🤖 AI Summary
This work addresses socially acceptable navigation for robots operating in human crowds, specifically focusing on learning and adhering to prototypical social norms such as queuing. We propose Human-Prior Learned Social Value (HPLSV), the first method to explicitly embed a data-driven, human-learned social value function—as a heuristic term—into path planning algorithms, enabling interpretable modeling and generalization of complex social constraints. HPLSV integrates social distance modeling, human motion prediction, and reinforcement-learning-based optimization of the social value function, thereby encoding social norms as transferable cost priors. Experiments demonstrate that HPLSV significantly improves the naturalness and human-consistency of robot queue-joining behavior, while maintaining real-time planning efficiency and enhancing social acceptability.
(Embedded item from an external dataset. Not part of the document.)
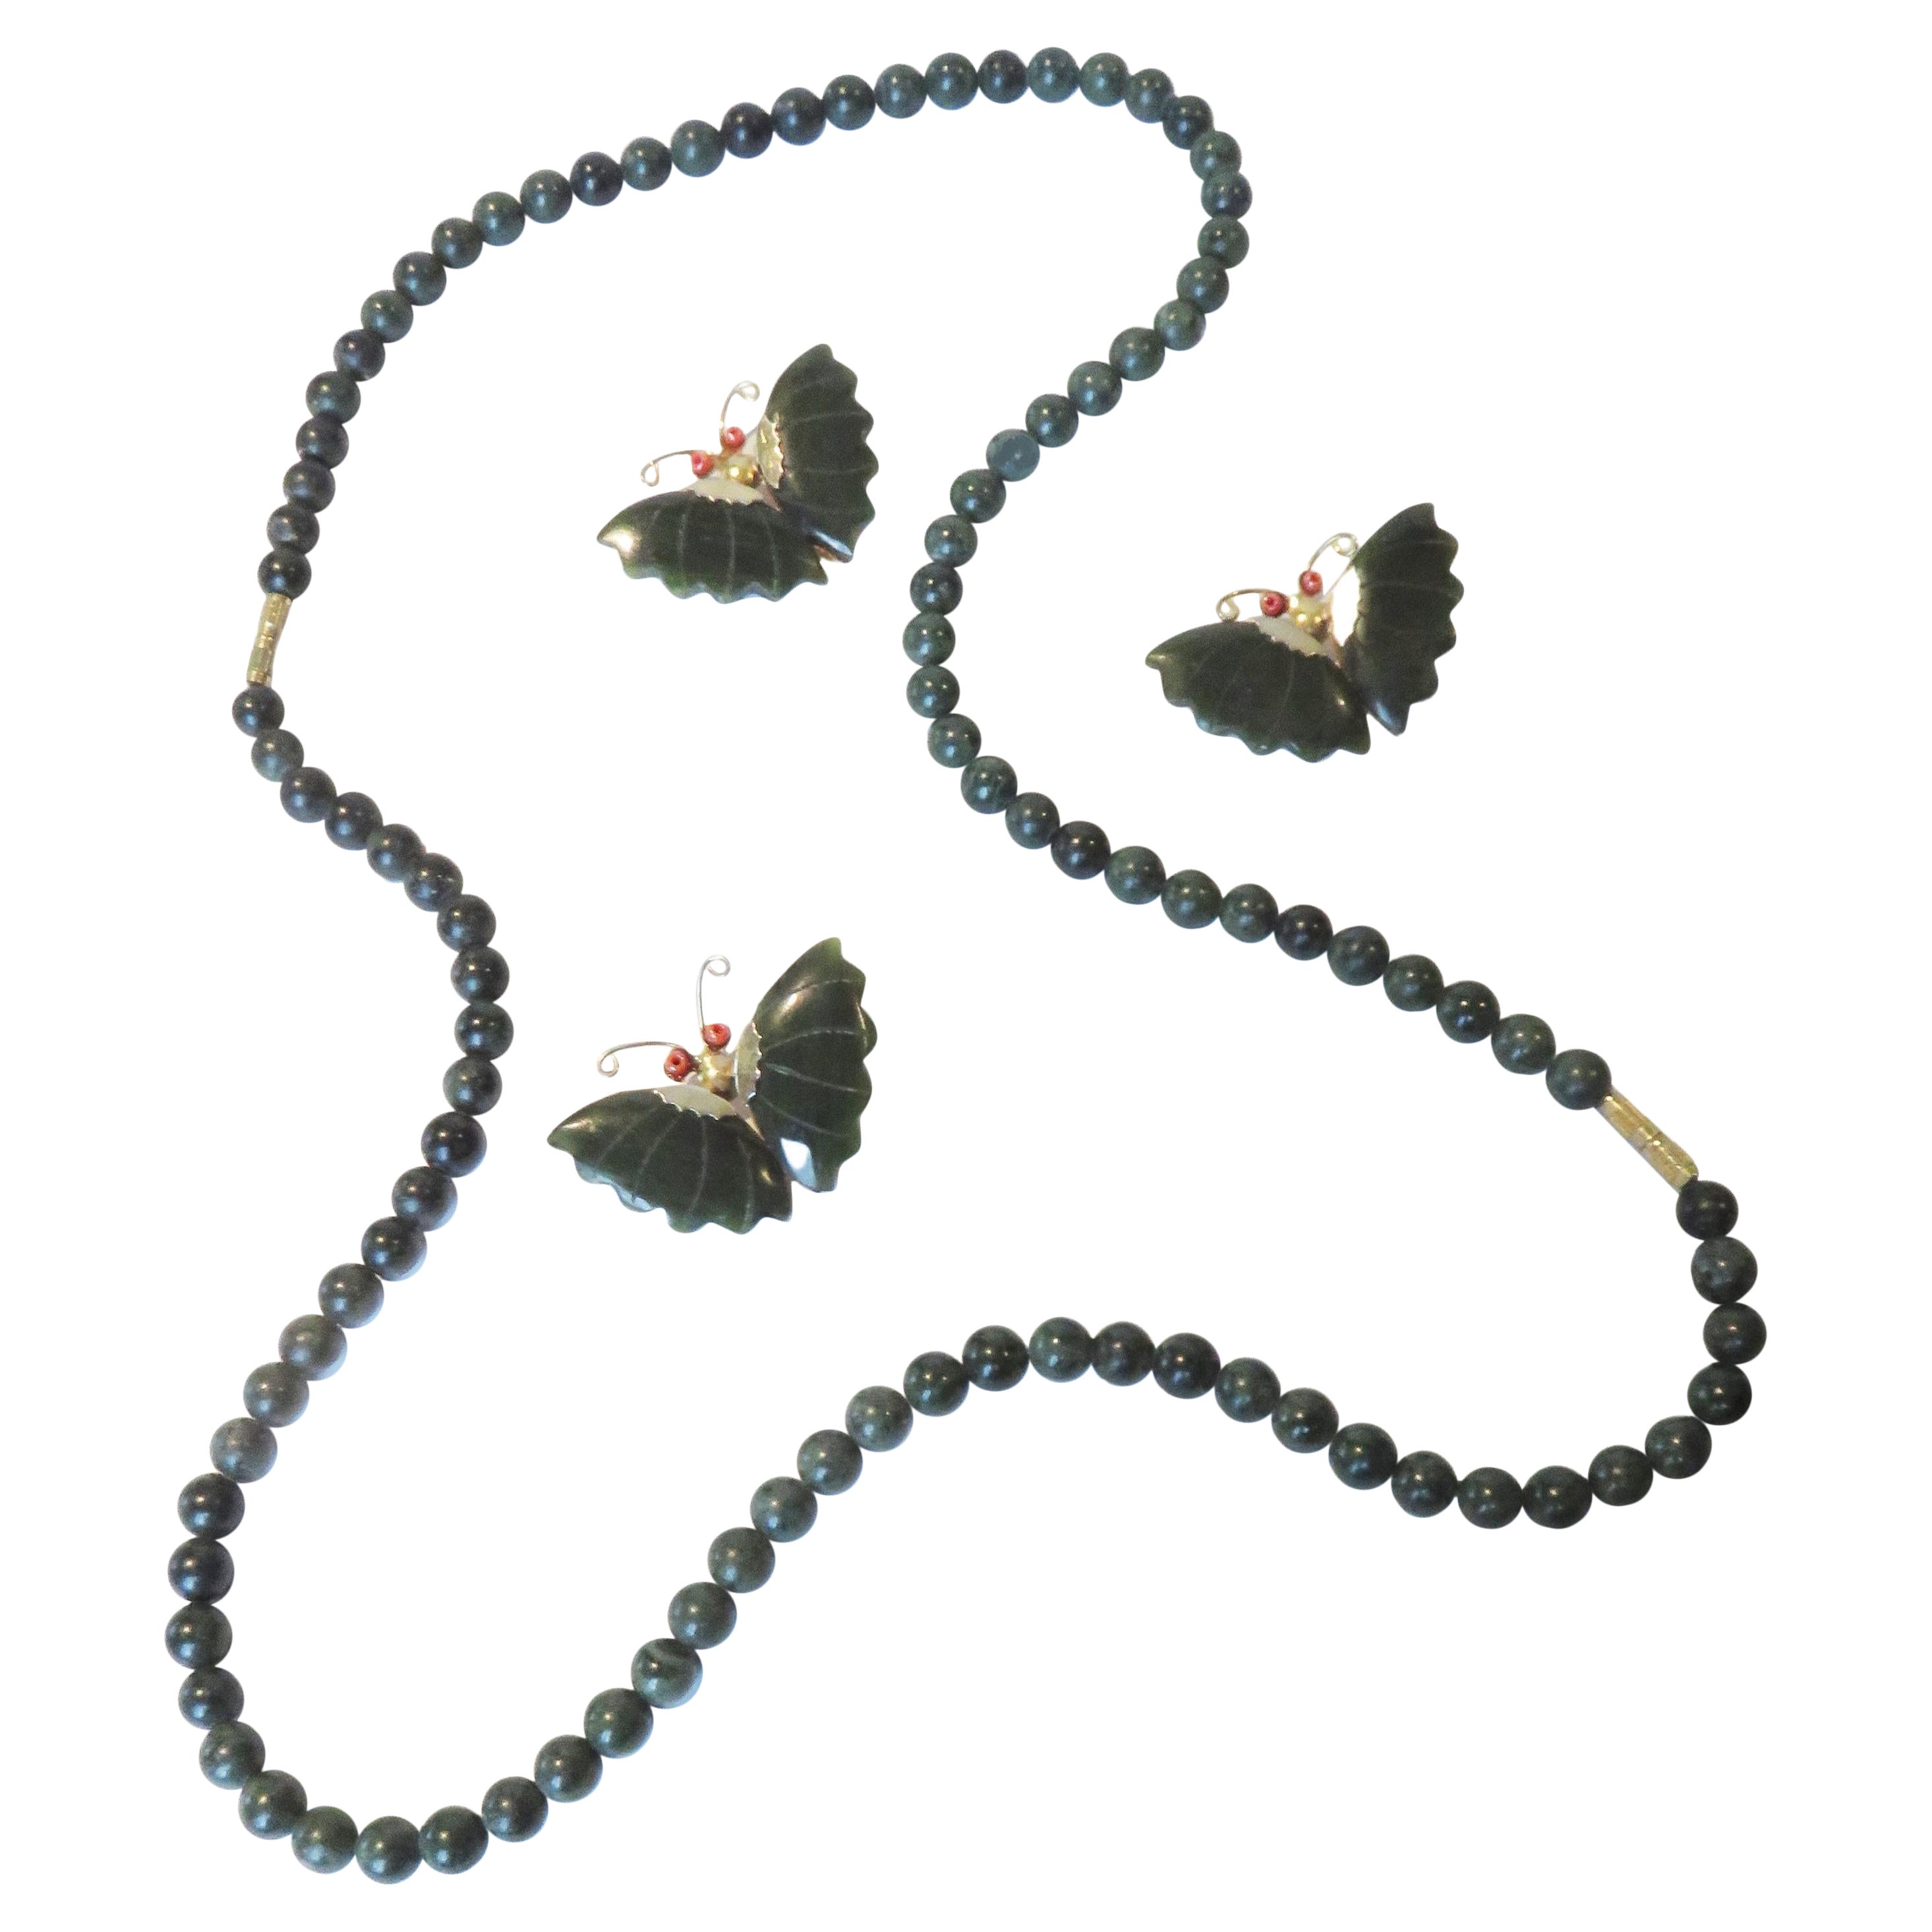 Jade-Halskette und 3 Schmetterlingsnadeln aus Jade

The approach establishes a novel, interpretable, and scalable paradigm for socially grounded navigation in embodied intelligence.
📝 Abstract
Social robotic navigation has been at the center of numerous studies in recent years. Most of the research has focused on driving the robotic agent along obstacle-free trajectories, respecting social distances from humans, and predicting their movements to optimize navigation. However, in order to really be socially accepted, the robots must be able to attain certain social norms that cannot arise from conventional navigation, but require a dedicated learning process. We propose Heuristic Planning with Learned Social Value (HPLSV), a method to learn a value function encapsulating the cost of social navigation, and use it as an additional heuristic in heuristic-search path planning. In this preliminary work, we apply the methodology to the common social scenario of joining a queue of people, with the intention of generalizing to further human activities.